[Given information Boundary: Start]

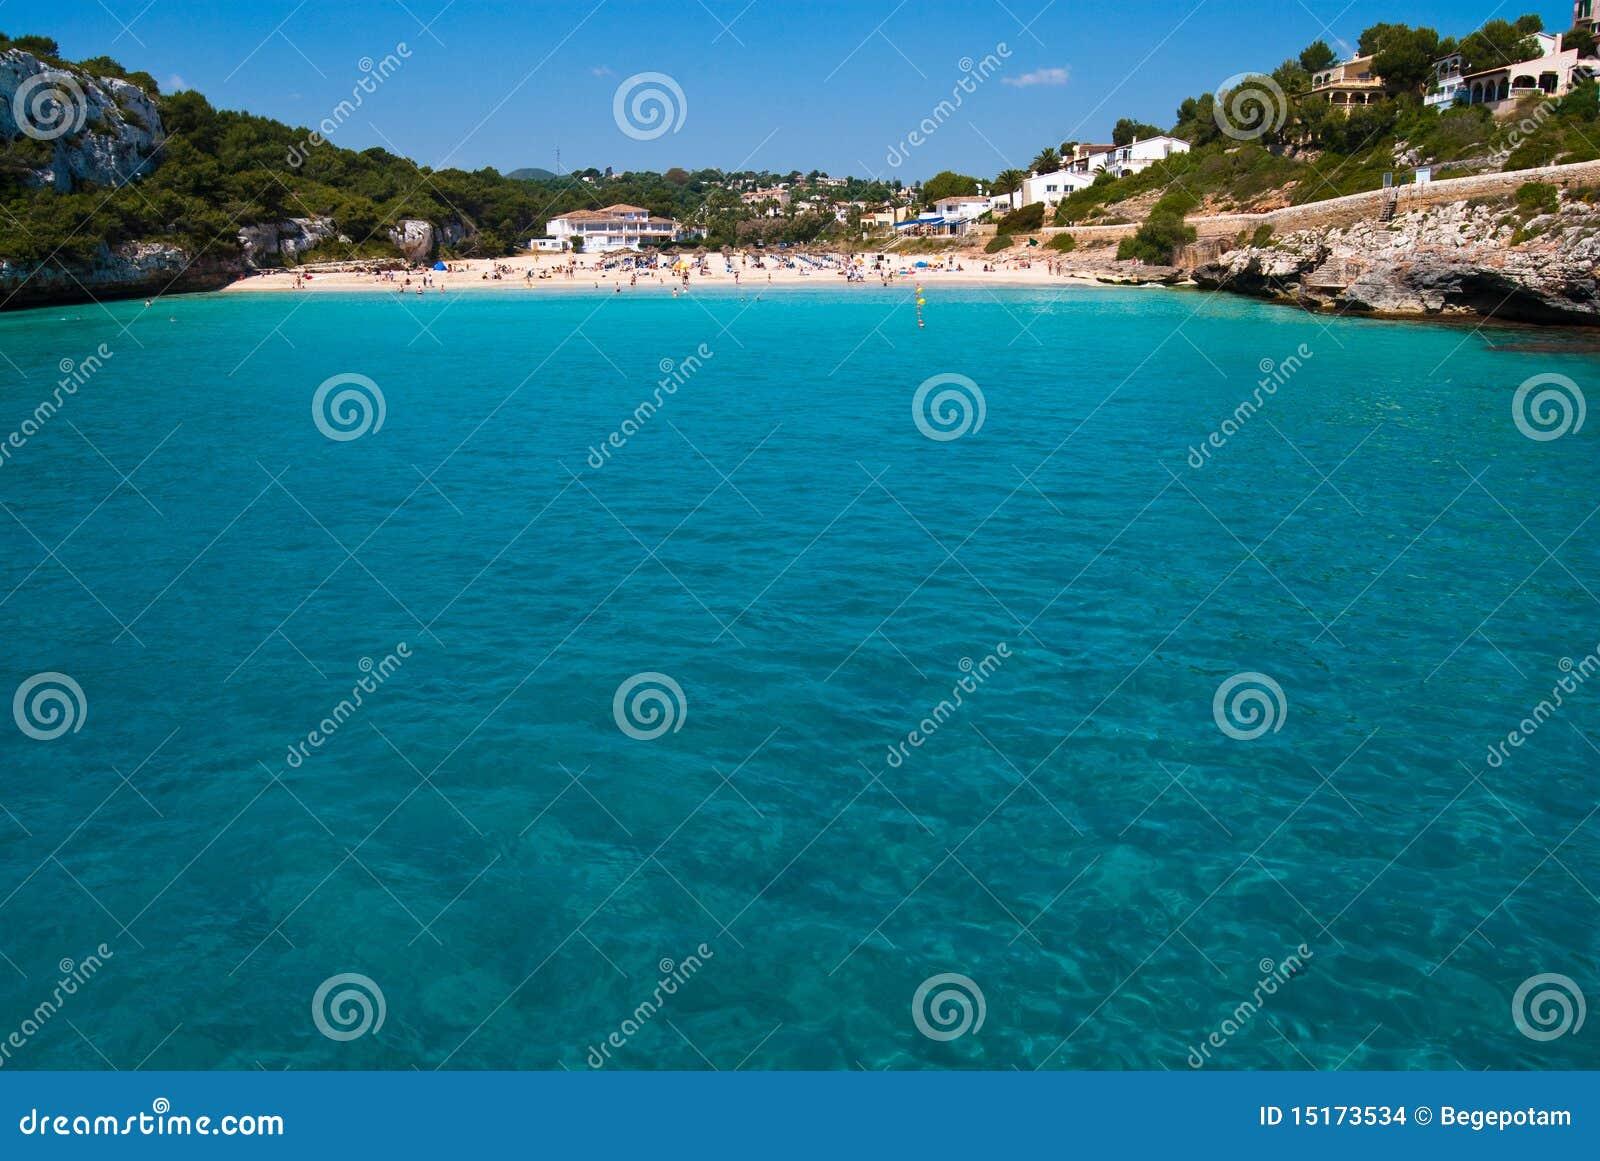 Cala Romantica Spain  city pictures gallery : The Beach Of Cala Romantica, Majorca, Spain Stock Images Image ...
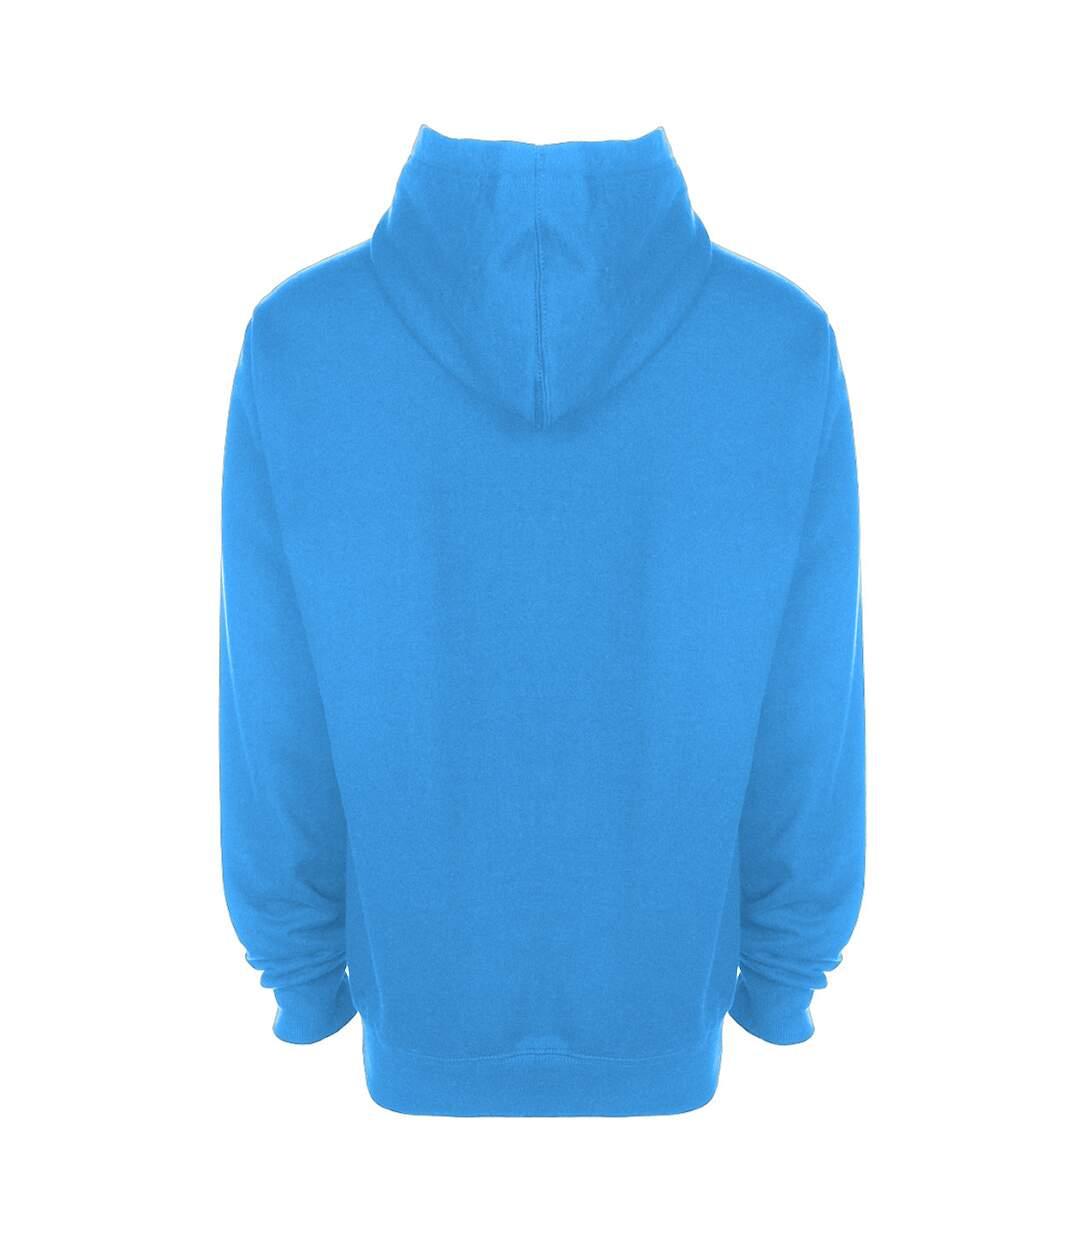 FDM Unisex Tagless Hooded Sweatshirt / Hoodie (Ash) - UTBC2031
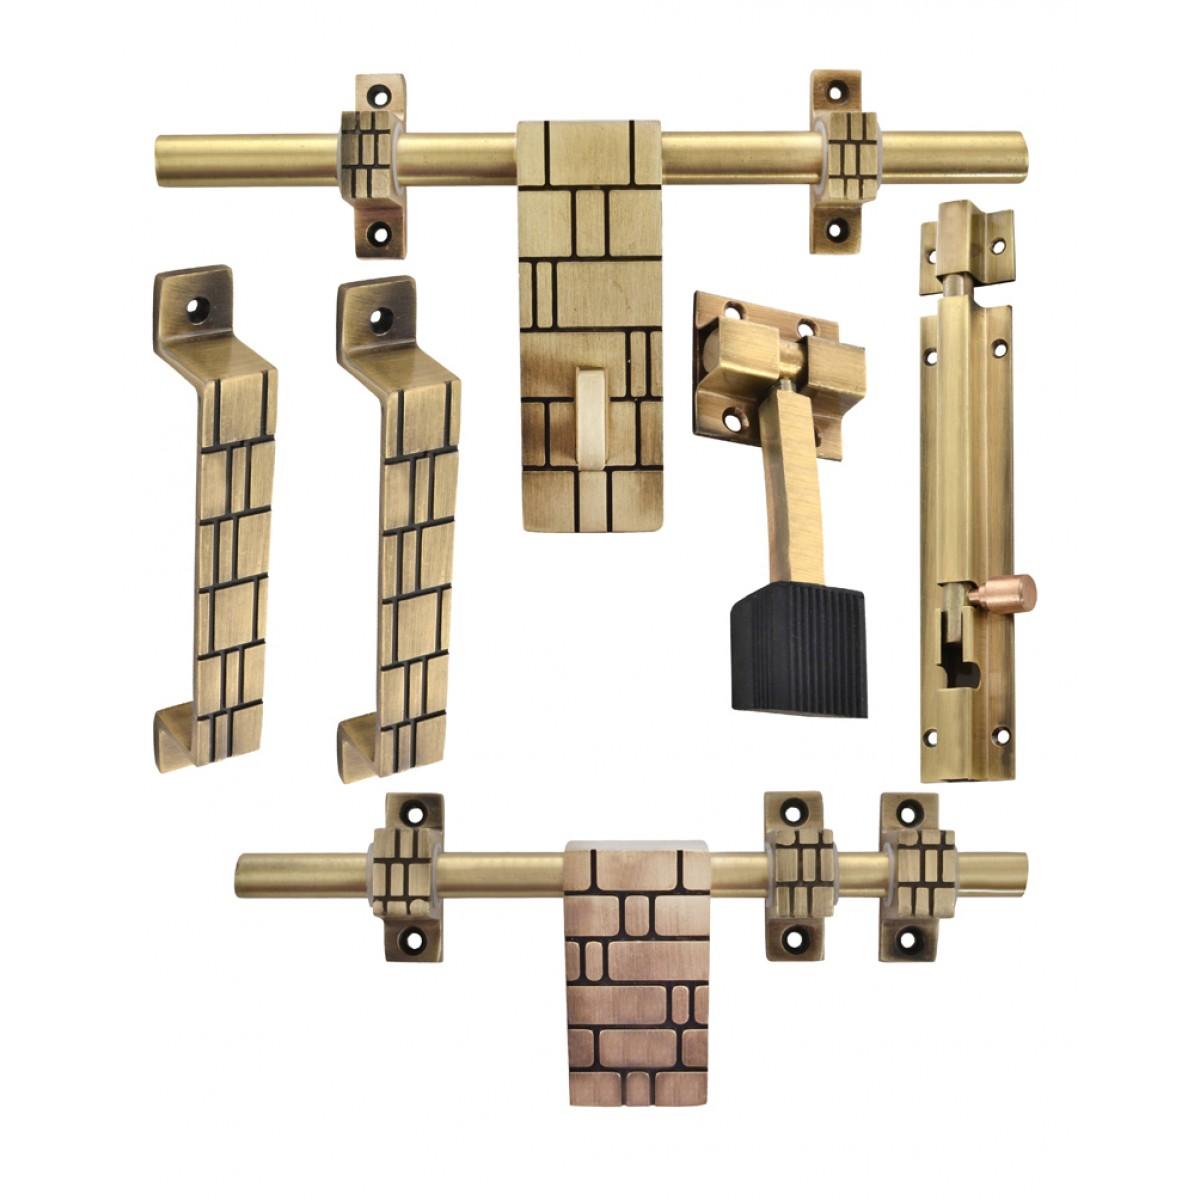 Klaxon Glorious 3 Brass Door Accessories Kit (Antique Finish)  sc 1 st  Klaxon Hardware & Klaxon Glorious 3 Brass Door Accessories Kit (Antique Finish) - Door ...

[Given information Boundary: End]

### What the exercise asks
Transcribe the listing above verbatim. No picture belongs in the result.

### Written response
 Cala Romantica Spain  city pictures gallery : The Beach Of Cala Romantica, Majorca, Spain Stock Images Image ...
 FDM Unisex Tagless Hooded Sweatshirt / Hoodie (Ash) - UTBC2031
 Klaxon Glorious 3 Brass Door Accessories Kit (Antique Finish)  sc 1 st  Klaxon Hardware & Klaxon Glorious 3 Brass Door Accessories Kit (Antique Finish) - Door ...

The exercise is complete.